Нет, не зря я всегда говорил, что люди, у которых нет никакого интереса к наживе, – самый никчемный народ!

2

Старик Сакаи, дед Сусуму по матери, относился к категории людей, у которых жадность растет вместе с числом морщин, бороздящих лоб, и которые совершенно забывают о том, что смертный час уже недалек. Когда отмечалось его семидесятилетие, он не смог устоять против уговоров родных и близких и передал управление имуществом и домом своему наследнику-сыну. Но это была только формальность, ибо старик и не подумал удалиться на покой. Совсем напротив! Экс-император не выпустил их рук бразды правления и продолжал вести дела, а облагодетельствованный сын и пальцем не смел пошевелить без ведома отца и в конце концов безвременно отдал богу душу, так и не выйдя из-под отцовской опеки до конца своих дней. Его жена – детей у нее не было – тоже не выдержала жизни в доме свекра, который был скуп до того, что готов был зажигать огонь, чиркая ногтем, лишь бы не тратить спички; она оформила посмертный развод и удрала домой, к родителям.
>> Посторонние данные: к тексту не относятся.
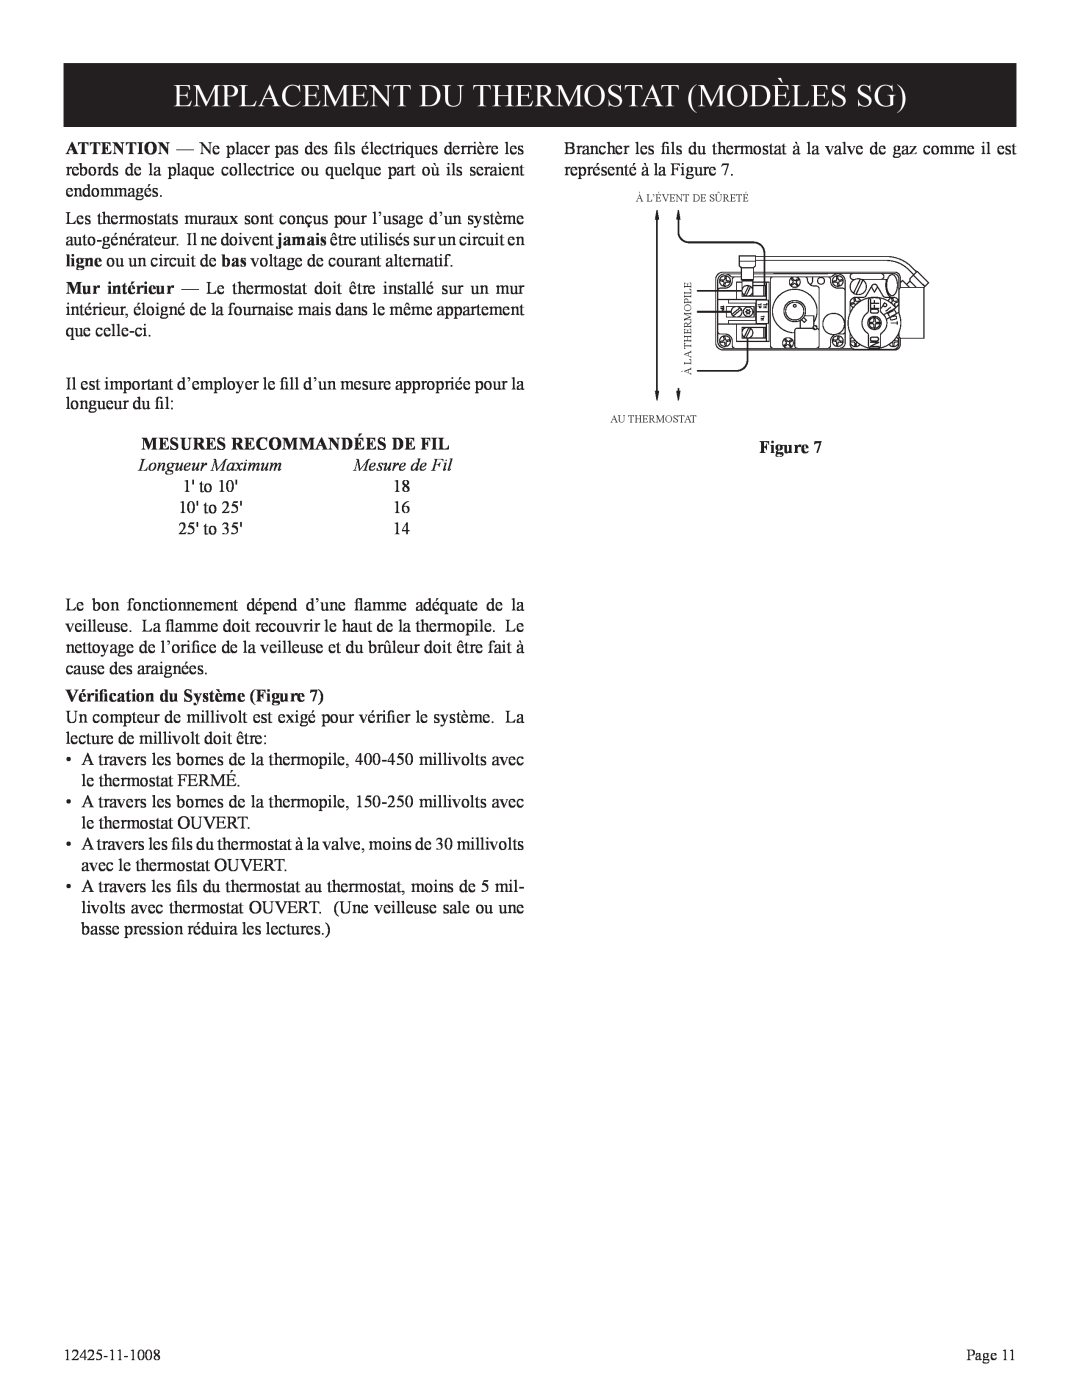 Empire Products GWT-35-2(SG Emplacement Du Thermostat Modèles Sg, Mesures Recommandées De Fil, Mesure de Fil, 1 to, 10 to

Остались две дочери. Старшая была замужем за Хигаси, младшей скоро было уже под сорок, и давным-давно следовало выдать ее замуж и взять в дом зятя. Но в этом-то будущем зяте и была вся загвоздка: старик боялся, что любезный зятек чего доброго в один миг пустит по ветру все нажитое состояние, твердил, что дочери еще рано выходить замуж, и без конца перебирал возможных кандидатов в зятья. Ему уже стукнуло семьдесят шесть, а наследник все еще не был назначен, и семья старика по-прежнему состояла из незамужней дочери да приказчика. Он давал деньги в рост, торговал рисом, продавал мисо и соевую приправу, за все брался, и все делал сам.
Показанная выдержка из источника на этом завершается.